The story is a careful piecing together of intricate details and life-changing events that somehow made their lives. While Clayton’s research includes visiting the Hemingway homes and piecing together of Gellhorn’s written material, it also includes the perspectives of other correspondents and celebrities the pair interacted with. As Gellhorn and Hemingway bounce across the globe writing, drinking, and loving, Clayton’s prose breezes easily through wherever in the world they decide to go: leaving Key West as Hemingway’s marriage crumbles beneath him; family vacations in Idaho; the new home shared by Gellhorn and Hemingway in Cuba; business trips to New York, and Presidential dinners in Washington, to the eventual coverage of war: in Hong Kong, Helsinki. London, Paris, and Madrid. There is even a chapter in Texas, where the pair stop to enjoy a few daiquiris only to find out the Japanese have attacked Pearl Harbor. In the middle of this globe-trotting are moments that are sensational celebrity antics: Hemingway’s fist fight with Orson Welles, having dinner with the Roosevelts, going on vacation with Gary Cooper and Howard Hawkes, or getting war credentials with the wrong name on them with Ginny Cowles in London. This stylish imagining offers the reader the fantastic possibility of adventure against a war-torn world of sadness and despair, hope and revival, friendship and love.

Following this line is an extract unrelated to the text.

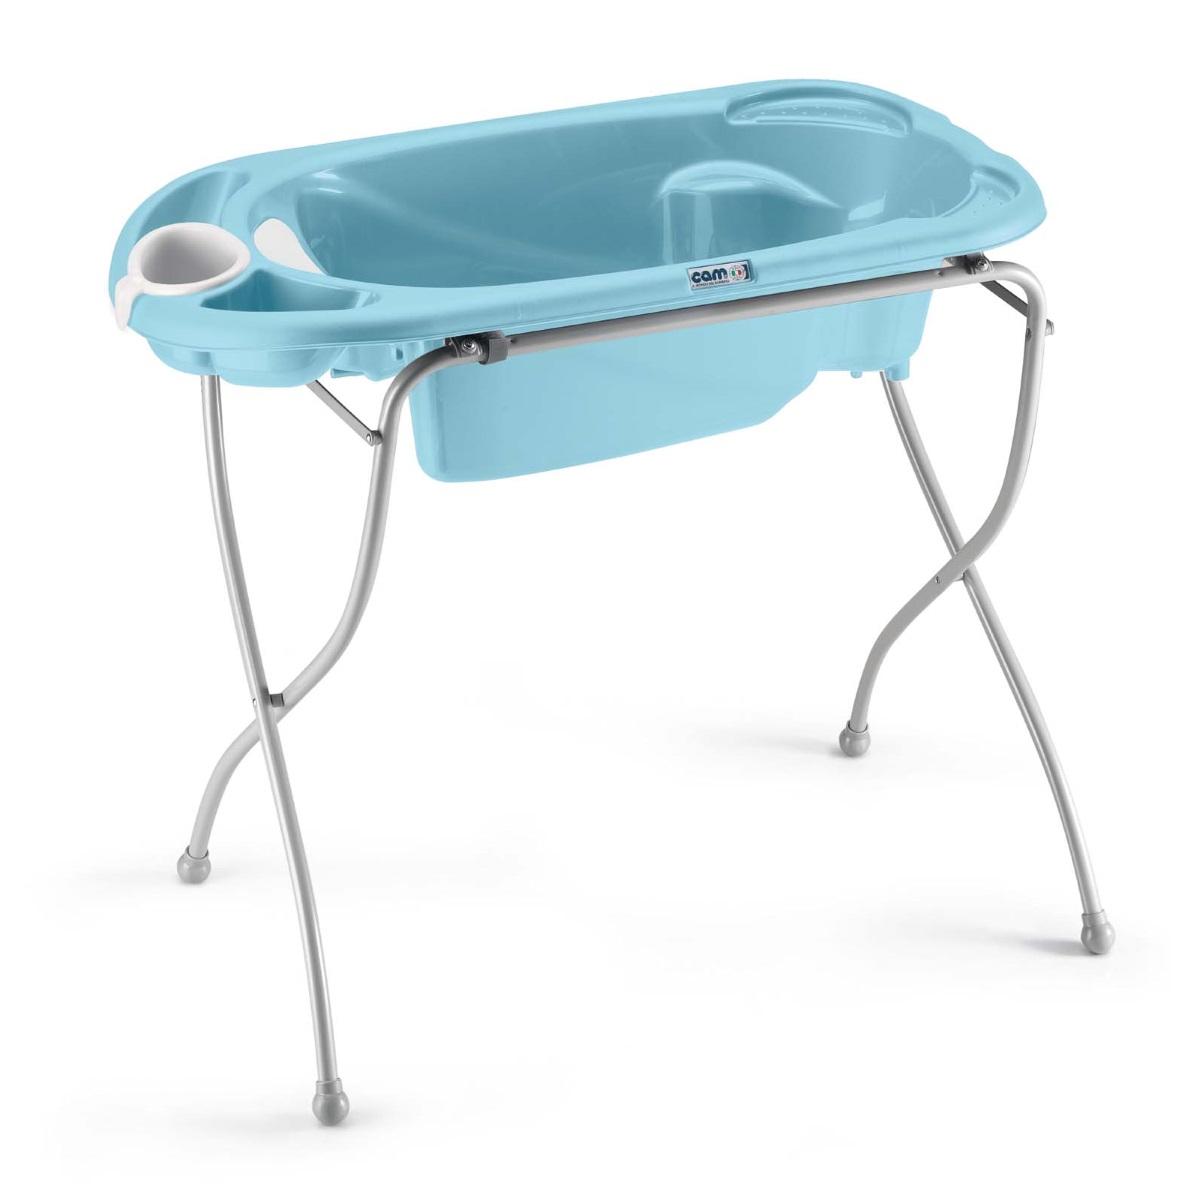 Banheira com suporte CAM Baby Bagno Bathtub with Stand
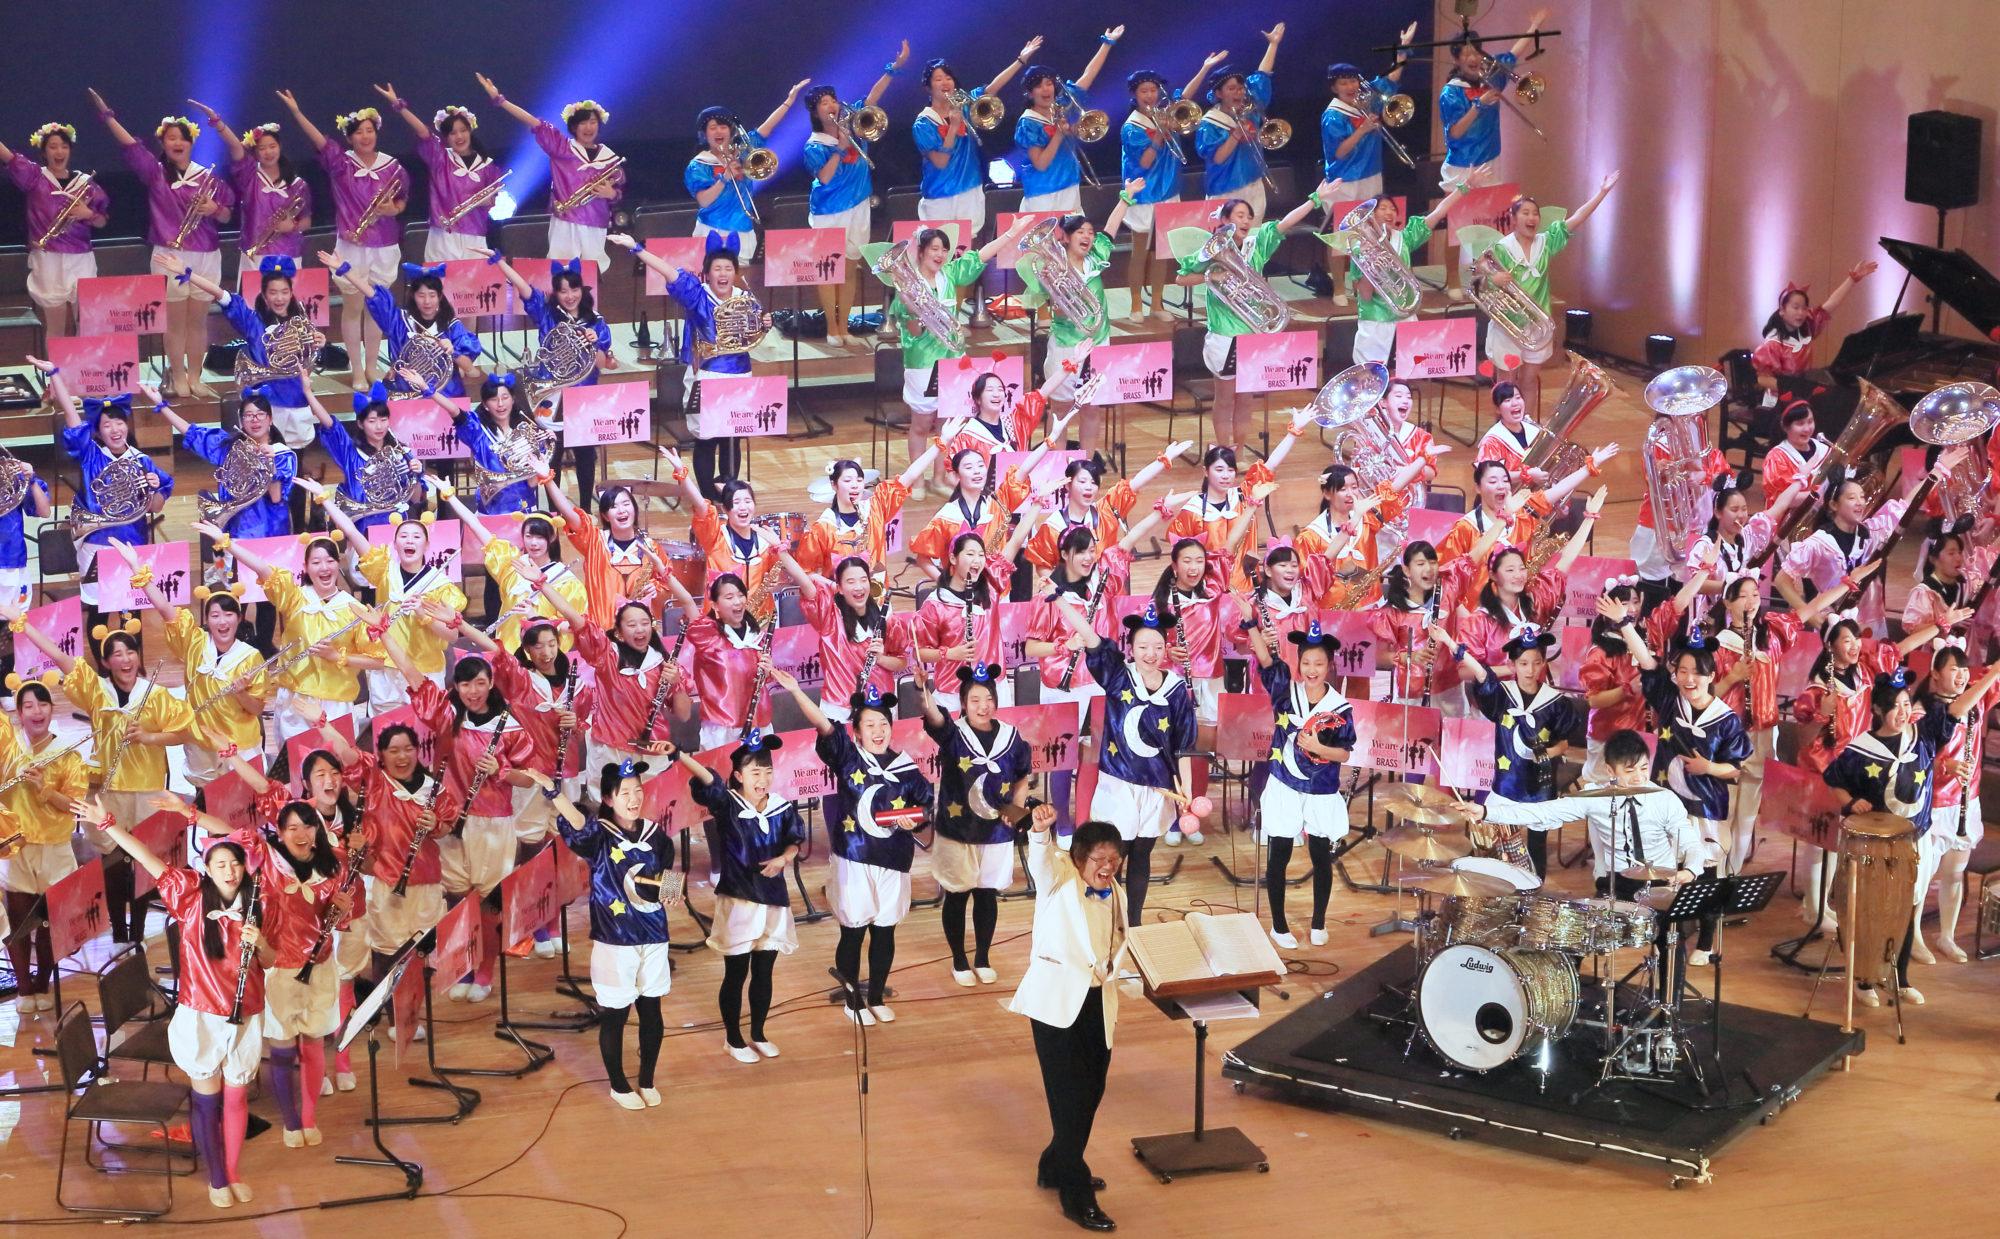 活水学院吹奏楽団 -オフィシャルウェブサイト-

Martha Gellhorn's amazing life is a logical choice to be fleshed into reality by historical fiction. She was exactly the type of woman that the world doesn't see enough of, an impeccable balance of modern womanhood: valiant but vulnerable, intelligent and compassionate, resourceful and forgiving. This true beauty is expressed by Clayton's storytelling, as she attempts to capture two larger than life individuals with cohesive charm and style. Clayton's prose is in as delicate a balance as their entire relationship: always tempestuous, but vibrantly light and dark, full of love and hate, jealousy and admiration. And in the middle, a frailty that exists in all humanity, a deep-seated rejection that keeps us always leaving to avoid pain. As Clayton has Gellhorn explain:
"But there was no me in his magic, and the way the magic came to him wasn't the way magic came to me. I had to go out and find it. I had to live in the world, not holed up in a quiet corner with a cook and a pool and cats to rub against my legs."
Fundamentally, these two clashed, but for a little while they shared enough to produce unique magic. While history will always remember them for the period that they shared together, Beautiful Exiles validates how important that time really was to the careers of two powerhouse writers.